Discrepancies in sleep diary and actigraphy assessments in adults with fibromyalgia: Associations with opioid dose and age

Ashley F Curtis, Mary Beth Miller, Jeff Boissoneault, Michael Robinson, Roland Staud, Richard B Berry, Christina S McCrae, Ashley F Curtis, Mary Beth Miller, Jeff Boissoneault, Michael Robinson, Roland Staud, Richard B Berry, Christina S McCrae

Abstract

Sleep diary and actigraphy assessments of insomnia symptoms in patients with fibromyalgia (FM) are often discrepant. We examined whether opioid dose and age interact in predicting magnitude or direction of discrepancies. Participants (N = 199, M = 51.5 years, SD = 11.7) with FM and insomnia completed 14 days of diaries and actigraphy. Multiple regressions determined whether average opioid dose and its interaction with age predicted magnitude or direction of diary/actigraphy discrepancies in sleep onset latency (SOL), wake after sleep onset (WASO) and sleep efficiency (SE), controlling for sex, use of sleep medication, evening pain and total sleep time.

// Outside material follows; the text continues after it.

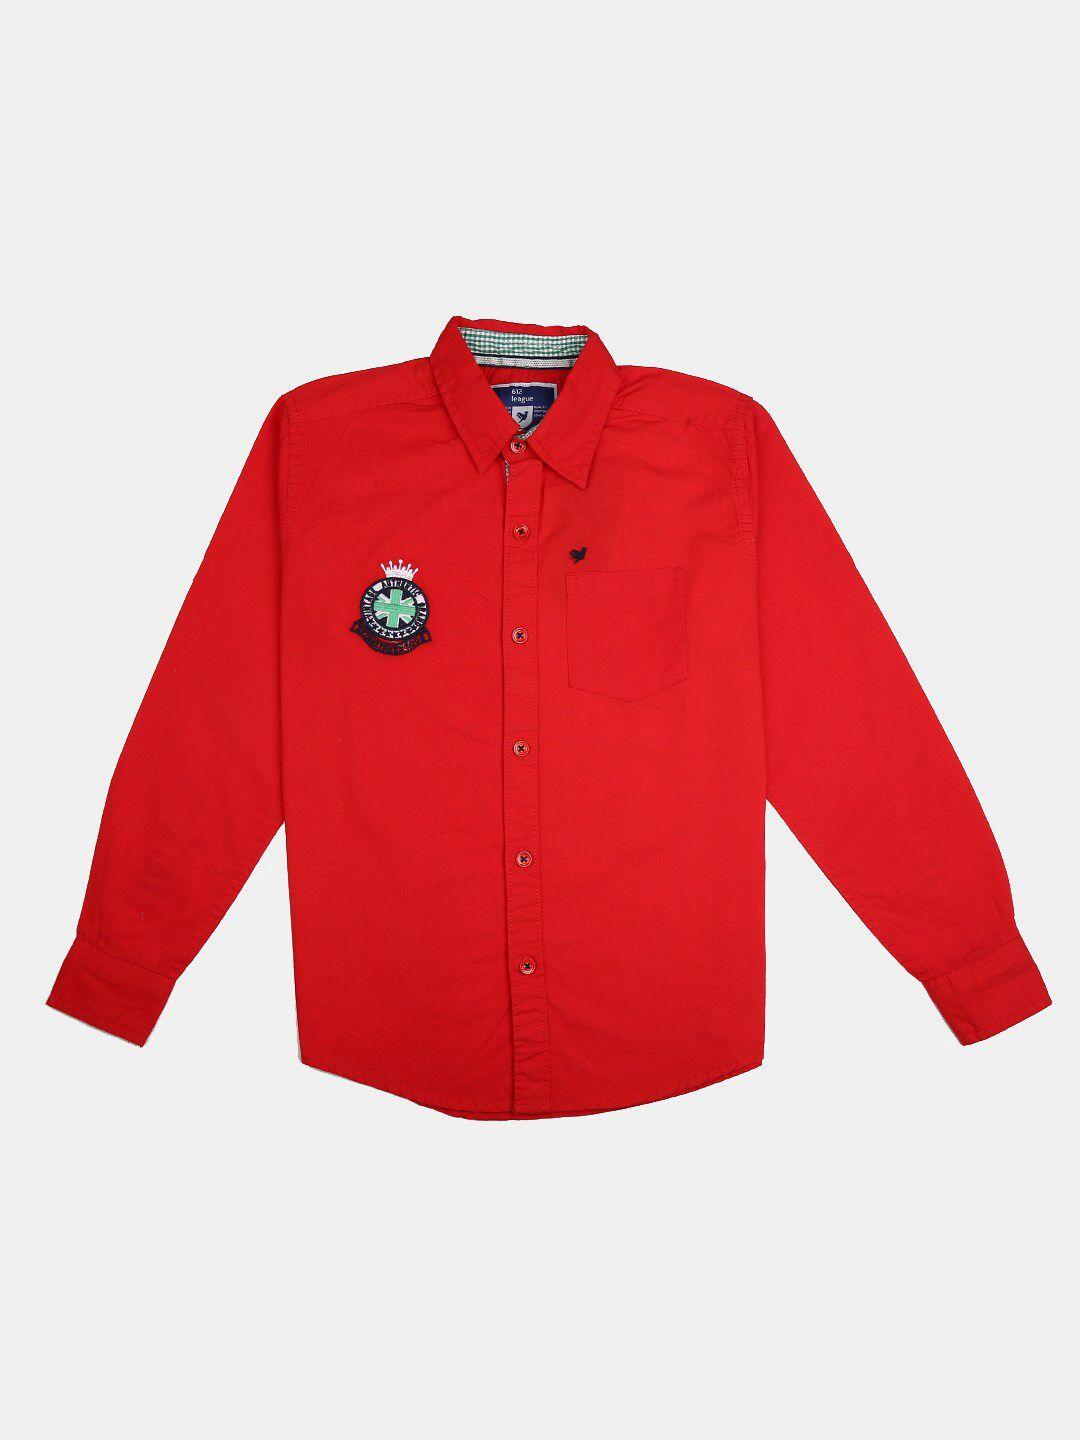 v-mart boys red casual shirt

Higher opioid dose predicted greater magnitude of discrepancy in SOL and SE. Opioid dose interacted with age to predict direction but not magnitude of discrepancy in SOL and SE. Specifically, higher opioid use was associated with better subjective (shorter SOL, higher SE) than objective reports of sleep among younger adults, and longer subjective than objectively measured SOL among older adults. Opioid dose did not predict magnitude or direction of WASO discrepancies. In FM, a higher opioid dose increases diary/actigraphy SOL and SE discrepancies, and direction of discrepancies may depend on age. We speculate that increased opioid use combined with age-related factors, such as slow wave sleep disruption, increased awakenings and/or cognitive decline, may impact perceived sleep.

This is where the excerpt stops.